The Saudi Game in Syria is over. Assad Is the Winner
Saudi Arabia has finally thrown in the towel in Syria after six years of a failed civil insurgency.
Saudi Foreign Minister Adel al-Jubeir put this card on the table in Riyadh on Wednesday, Aug. 9 before an invited Syrian National Coalition for Opposition delegation chaired by Riad Seif.
He leveled with the Syrian rebel leaders, who had fought the Assad regime for six years, informing them that the kingdom had reached the end of the road in the Syrian civil war. At that encounter, Saudi Arabia implied that the Syrian ruler, Bashar Assad had won and predicted he would remain in power for many years, although this was later officially denied as “inaccurate.”
He also informed his Syrian visitors that they had not much choice but to stop fighting and end their war on the Assad regime, now that Saudi Arabia, Turkey and Qatar had withdrawn their support from the various rebel groups, and both Ankara and Doha had established direct ties with Assad.
DEBKA Weekly’s sources has found that the only groups ready to carry on the war are the Islamic State and the Al-Qaeda-linked Nusra Front, which between them hold parts of Idlib in the north and Deir ez-Zour in the east, as well as the Syrian Democratic Front, which is dominated by Syrian Kurds who control more than one-fifth of Syrian territory.
The other rebel militias, even those that control territory, are no longer fit for combat, because: –
1. Their numbers are diminished too far for them to take on serious fighting.

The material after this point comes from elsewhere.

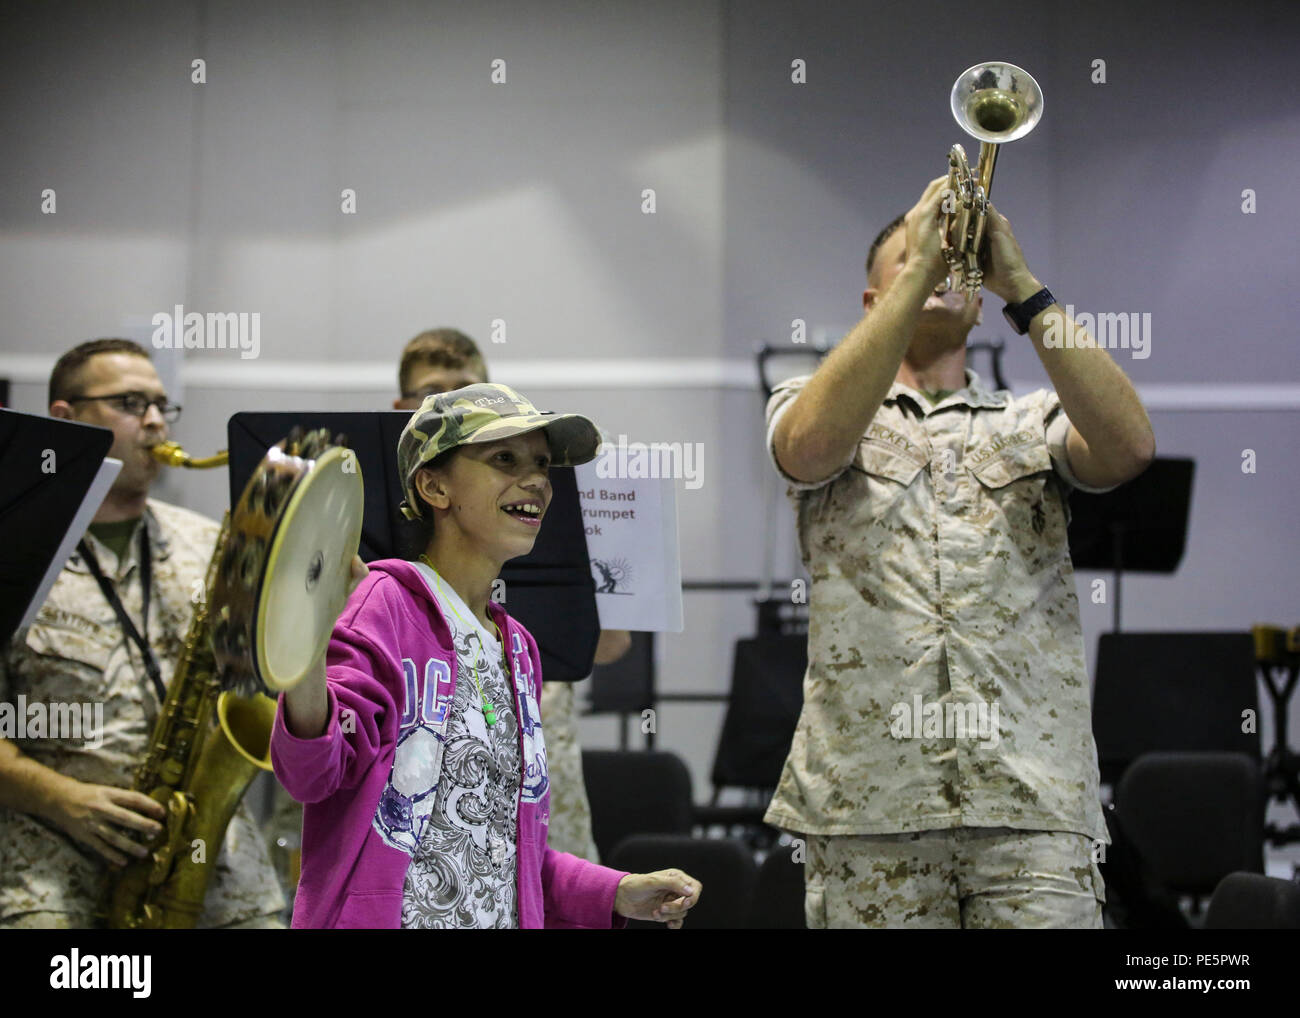 Amber N. Carter, a resident of Hubert, N.C., plays music alongside the 2nd Marine Division Band during her visit to the band’s command post at Camp Lejeune, N.C., Sept. 29, 2015. Amber always dreamed of joining the Marine Corps, but could not due to William’s syndrome. Staff Sgt. Isaiah Riley, a mess chief with 10th Marine Regiment, brought her and her family aboard the base to watch the band play. (U.S. Marine Corps photo by Cpl. Paul S. Martinez/Released) Stock Photo

2. They are dwarfed by the formidable array of Assad’s army, imported pro-Iranian Shiite militias and Hizballah.
3. Most of their foreign backers have faded.
This disastrous situation owes much to President Donald Trump’s decision in May to concentrate American military assets in Syria solely on efforts to destroy the Islamic State terrorists. He vowed not to be swayed from this course or be dragged into the Syrian war. In no time, the Syrian opposition saw the ground slipping away from under its feet.

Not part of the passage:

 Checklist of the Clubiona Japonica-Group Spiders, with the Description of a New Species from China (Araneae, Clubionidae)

The US president took another step in this direction on July 7 when he sat down with President Vladimir Putin at the G-20 summit in Hamburg. He told the Russian leader that Washington had no interest in Syria other than the war on ISIS, and he had no objection to a gradual winding down of the civil war by means of creating de-escalation zones enforced by Russian troops or their agents.

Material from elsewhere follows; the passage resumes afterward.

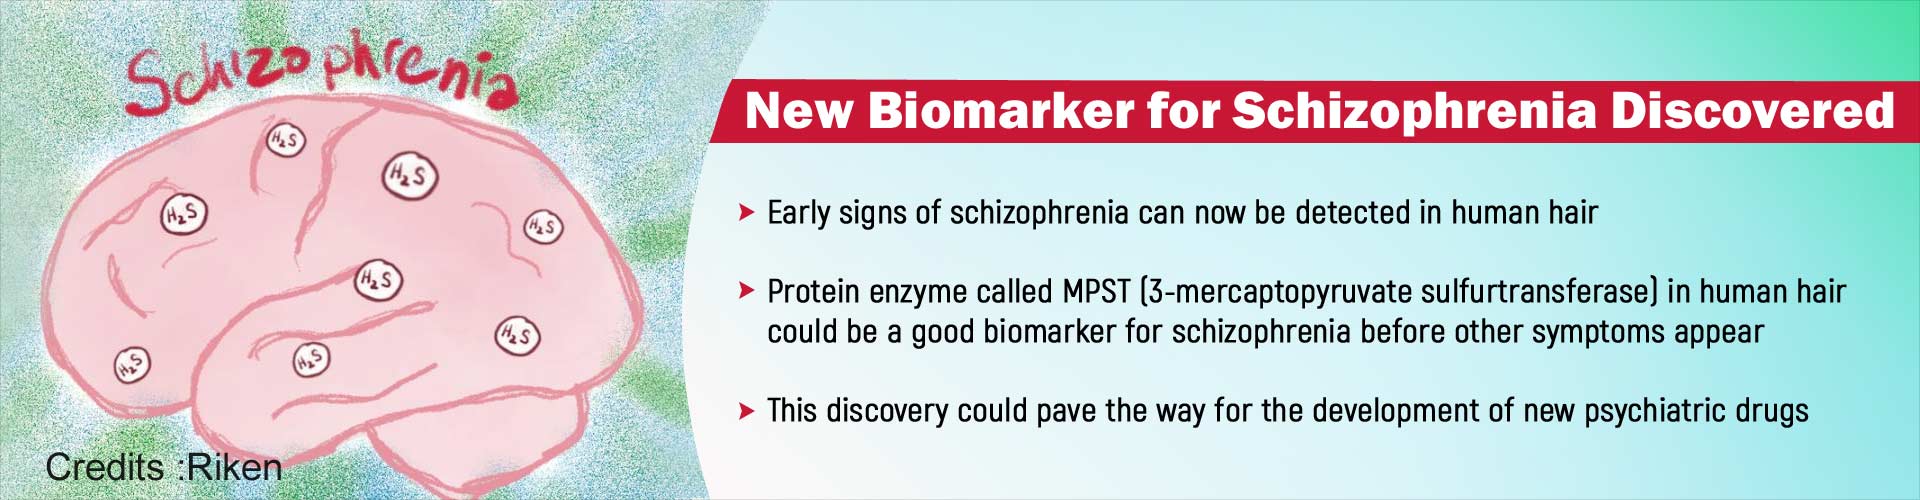 New Biomarker for Schizophrenia Discovered. Early signs of schizophrenia can now be detected in human hair. Protein enzyme called MPST (3-mercaptopyruvate sulfurtransferase) in human hair could be a good biomarker for schizophrenia before other symptoms appear. This discovery could pave the way for the development of new psychiatric drugs.

This deal delivered a mortal blow to the Syrian opposition movement. Israel and Jordan also found their security interests had been jettisoned.
At the same time, with an eye on Syria’s future, the Saudi foreign minister advised the rebel movement to lay down arms and reorganize as an effective political opposition to the Assad regime.
And not by chance, sources in Moscow indicated on Thursday, Aug. 11, that after the de-escalation zones were in place, Putin planned to promote the reshaping of rebel militias into political parties for the future Syrian democracy. This step pointed to Putin’s expanding cooperation with Trump – and possibly Riyadh – in the building of Syria’s post-war future.
But meanwhile, the Saudis have dropped out of the Syrian game and are switching their focus to the Yemen War and the building of ties with certain powerful Iraqi Shiite leaders in order to reinstate its influence in Baghdad.
(DEBKA Weekly 765 of July 30, revealed the visit to Riyadh of the influential Iraqi Shiite cleric, Moqtada Sadr.)
Assad shares his epic victory with the Russian president, who is beginning to harvest the political fruits of his intensified military intervention in the Syrian conflict.
Egyptian President Abdel Fatteh El-Sisi can also congratulate himself as the only Arab ruler to stand by Bashar Assad and therefore choose the winner.